Setup the Seurat object and T cell receptor library
Before anything else can be done, we need a Seurat
object of the single cell experiment with a dimensional reduction. The
most modern and common reduction used in publications is UMAP (Uniform
Manifold Approximation and Projection) which is what this package
defaults to, and what this vignette will use.
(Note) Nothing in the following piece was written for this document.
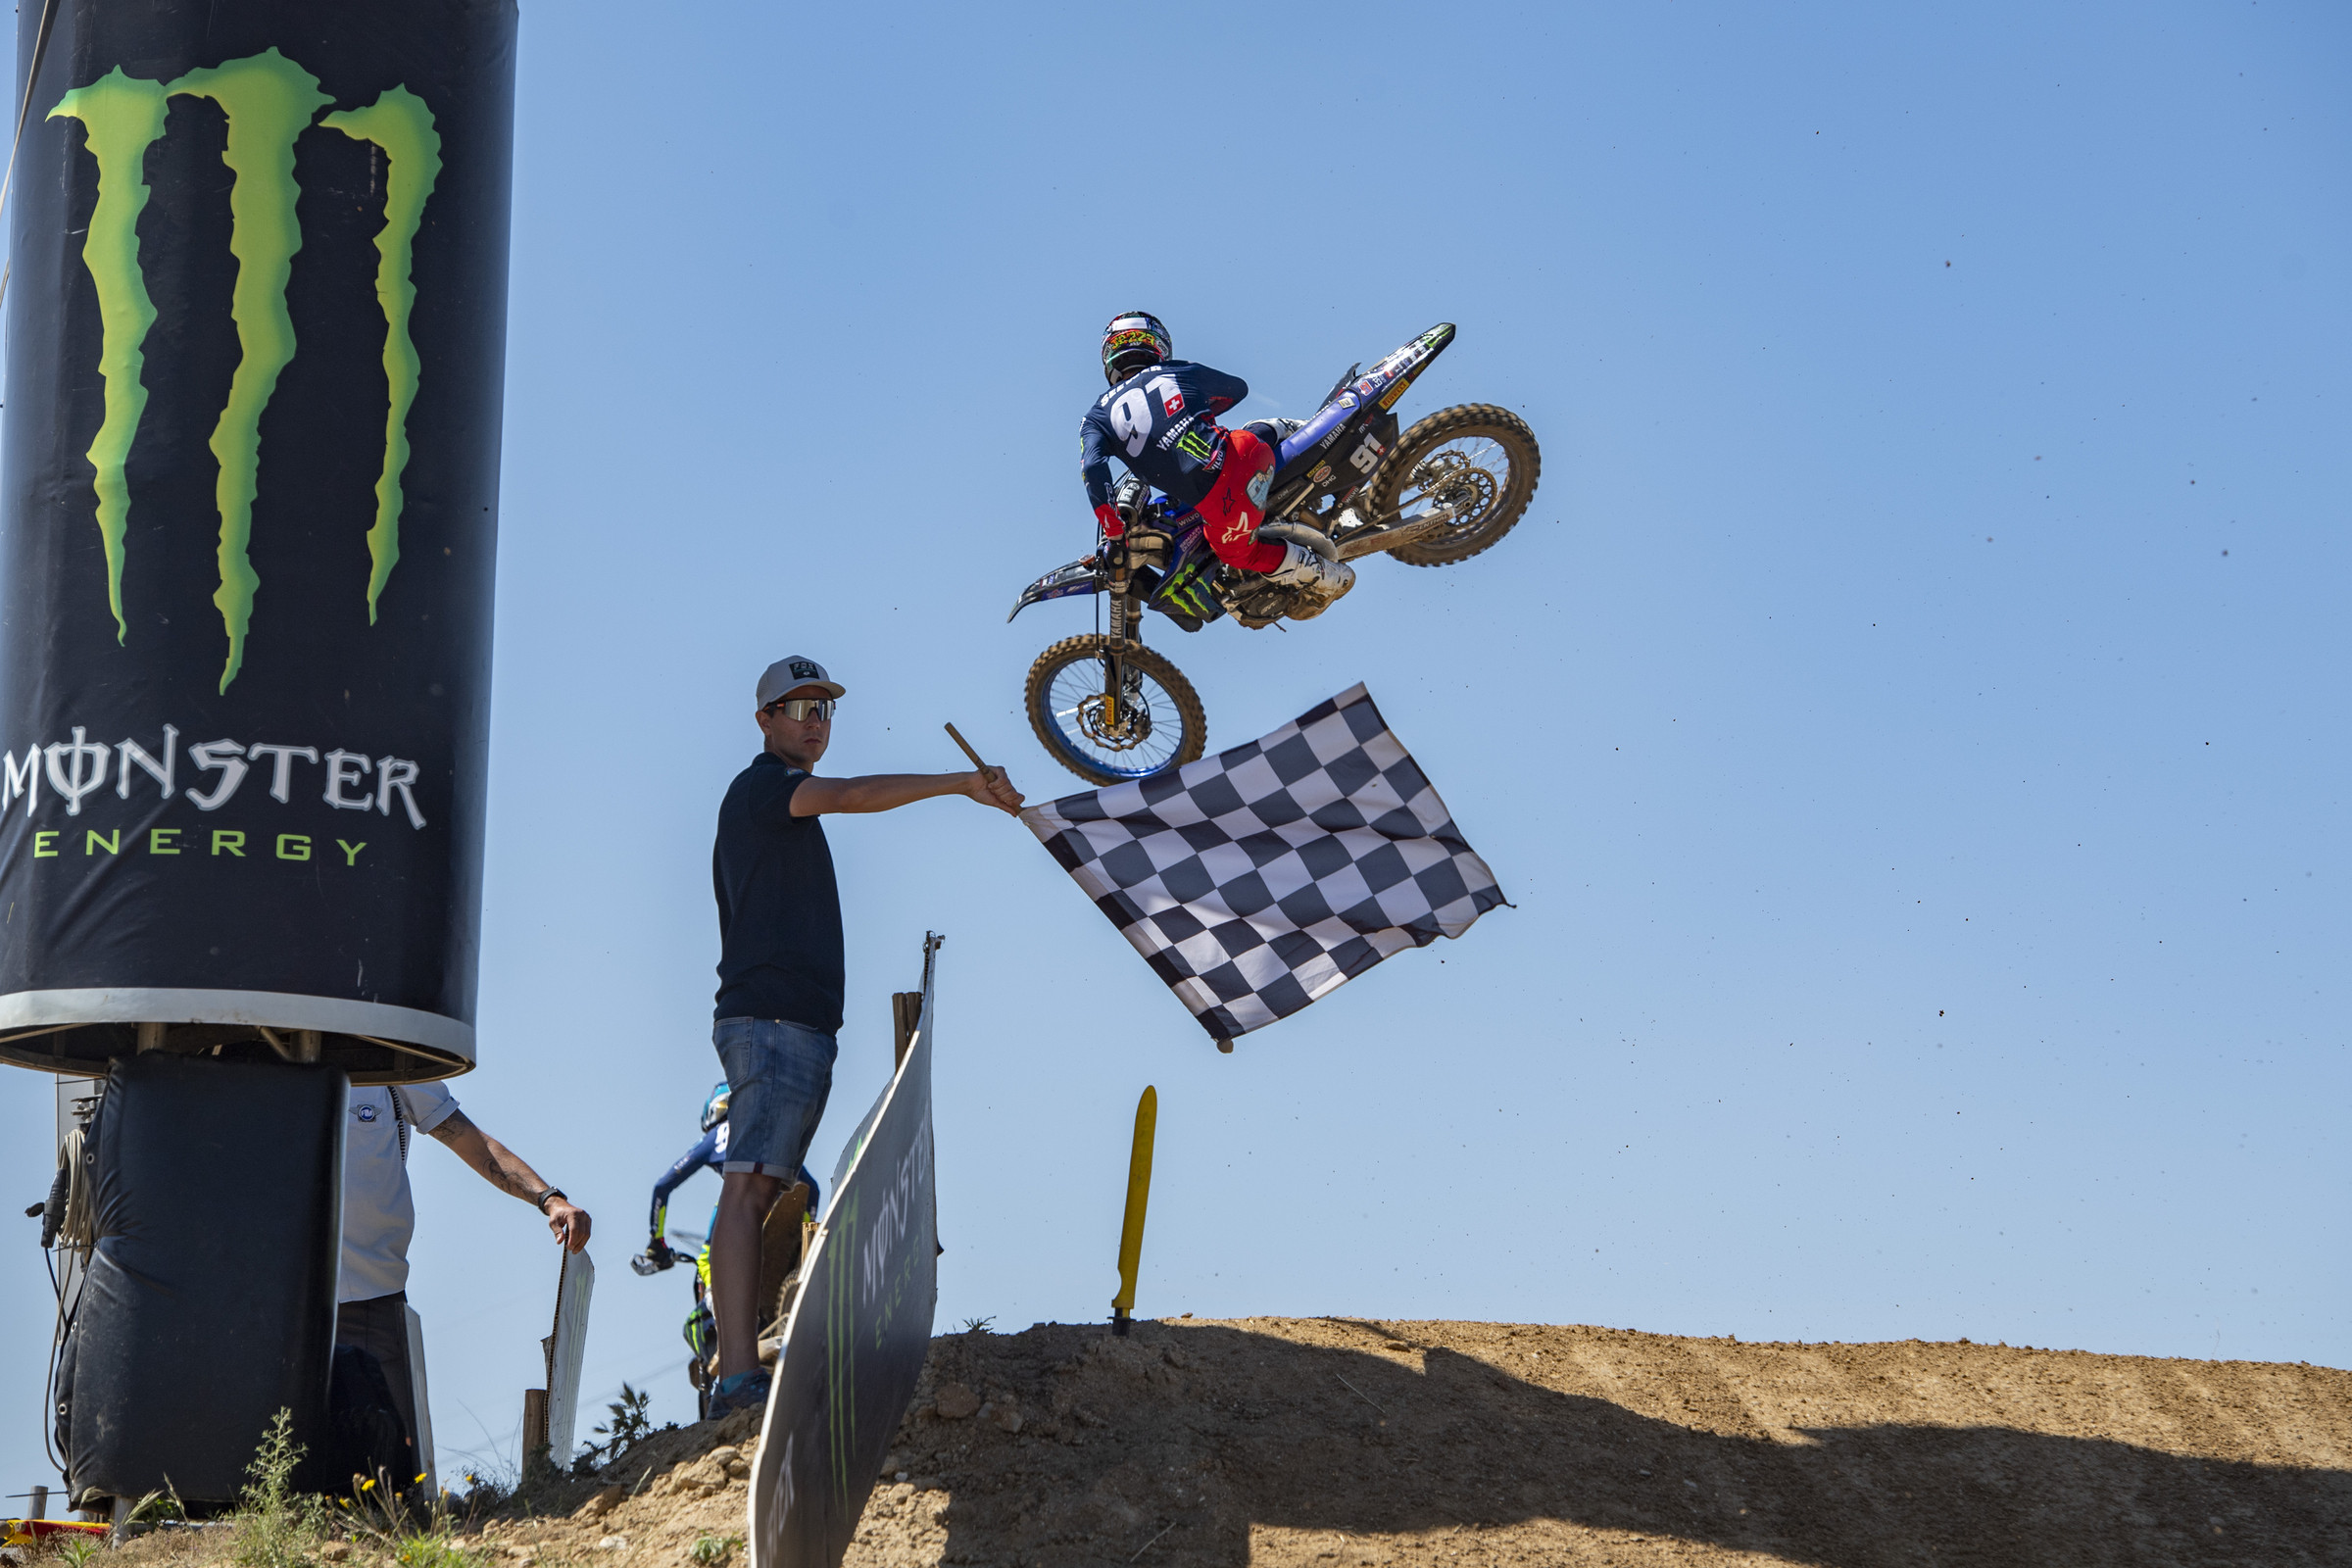 Written and Audio Podcast Recap from 2022 MXGP of France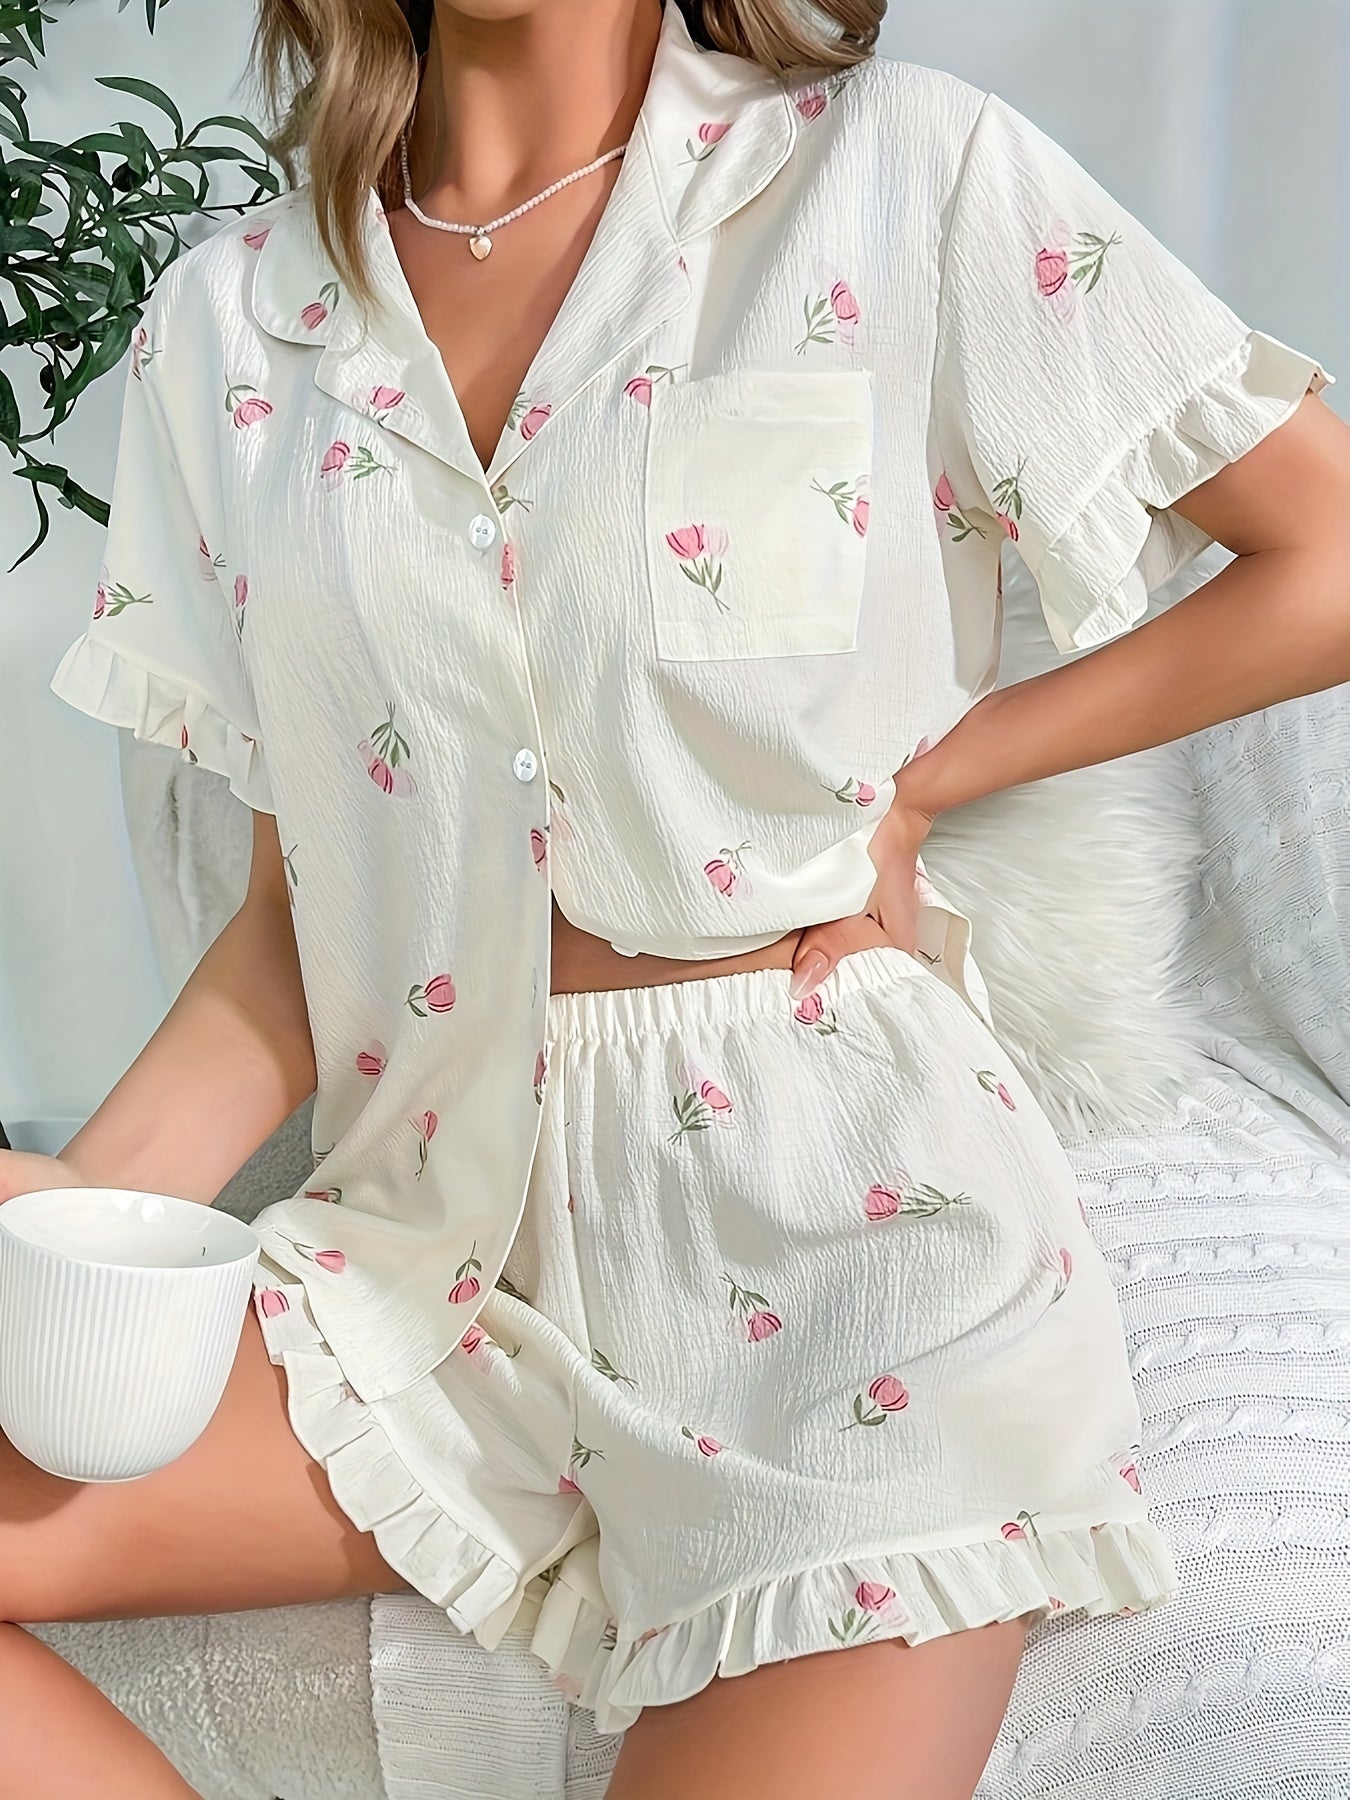 Summer Floral Print Pajama Set - Soft Fabric with Ruffle Hem, Short Sleeve Button-Down Lapel Top & Stretchy Elastic Shorts

There is also a way to
base it off of the t-SNE (t-distributed stochastic neighbor embedding)
or PCA (Principle Component Analysis) reduction though choosing the
latter is probably not the best idea.
library(Seurat)
suppressPackageStartupMessages(library(APackOfTheClones))
# Here, a Seurat object has already been loaded named `pbmc`
print(pbmc)
#> An object of class Seurat
#> 31053 features across 8000 samples within 1 assay
#> Active assay: RNA (31053 features, 2000 variable features)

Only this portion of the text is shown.